» **SOURCE DATA**:

********

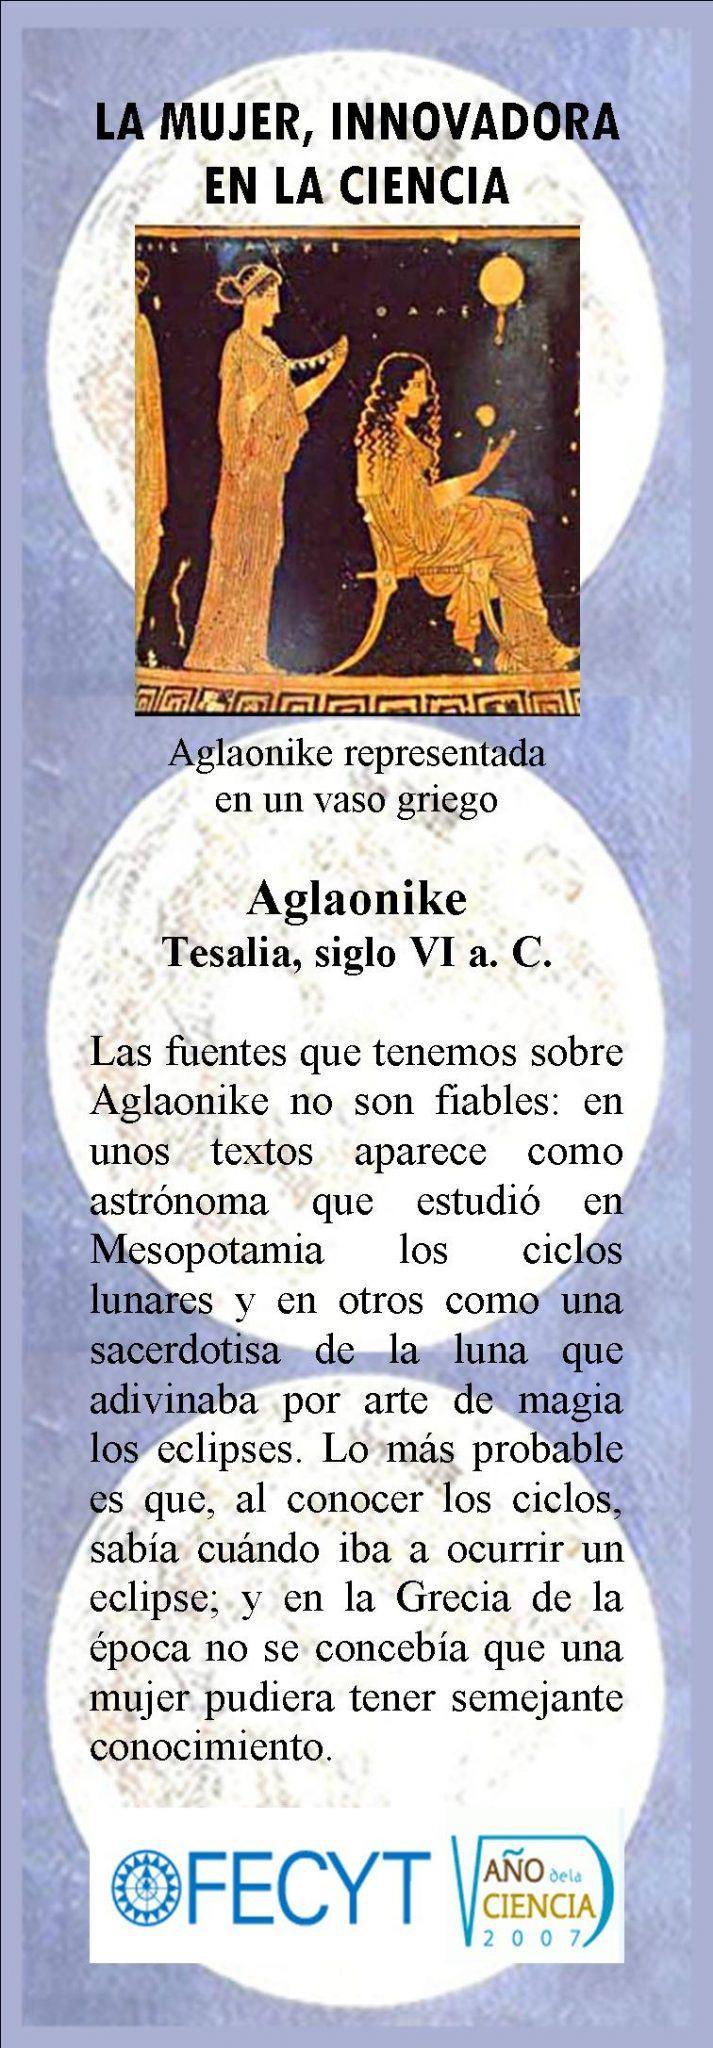 Aglaonike
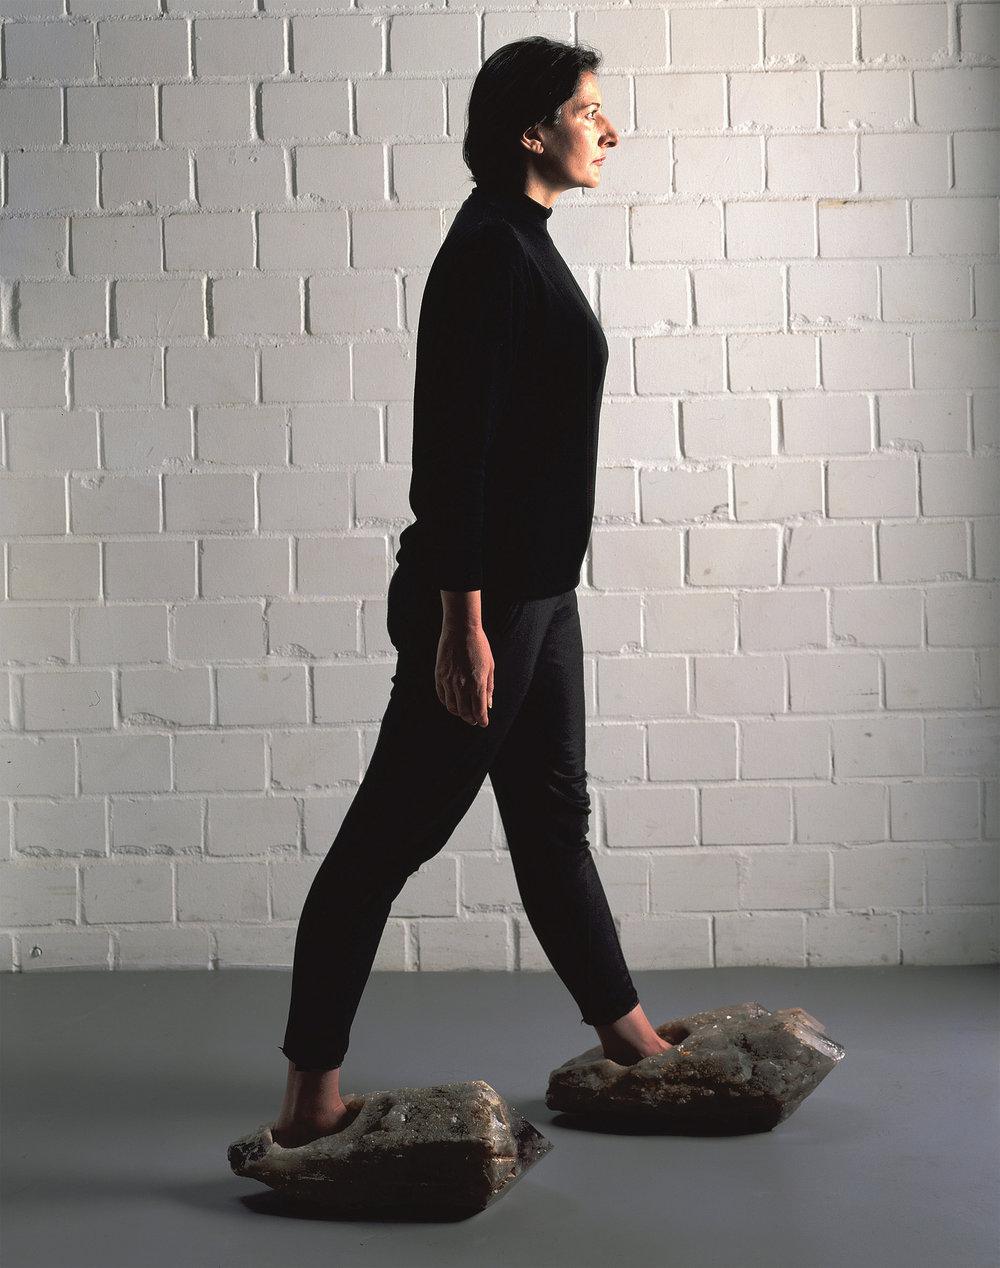 """Foto de Heini Schneebeli feita no estúdio da artista em Berlim com ela própria sendo modelo na obra """"Shoes for departure"""", 1991, ametista / Cortesia do acervo de Marina Abramovic"""
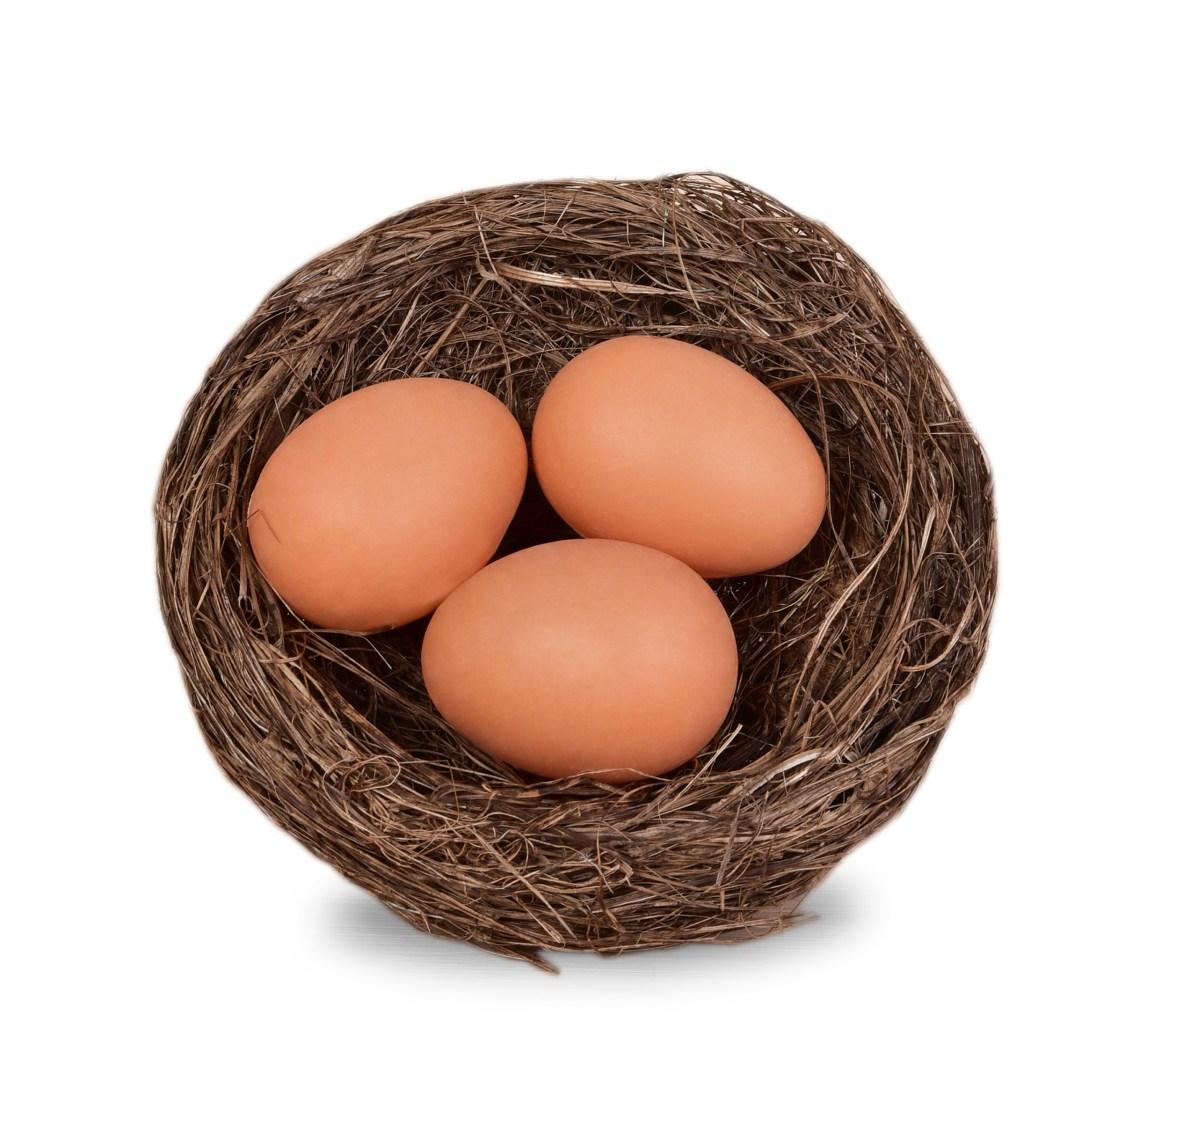 Slaměné hnízdo 15 cm, se třemi vajíčky

********

» **REQUIRED WORK**:
Starting at the line that holds "de Heini Schneebeli", copy each line exactly through the end of the material above, keeping both ends and dropping the pictures.

» **RESPONSE**:
 """Foto de Heini Schneebeli feita no estúdio da artista em Berlim com ela própria sendo modelo na obra """"Shoes for departure"""", 1991, ametista / Cortesia do acervo de Marina Abramovic"""
 Slaměné hnízdo 15 cm, se třemi vajíčky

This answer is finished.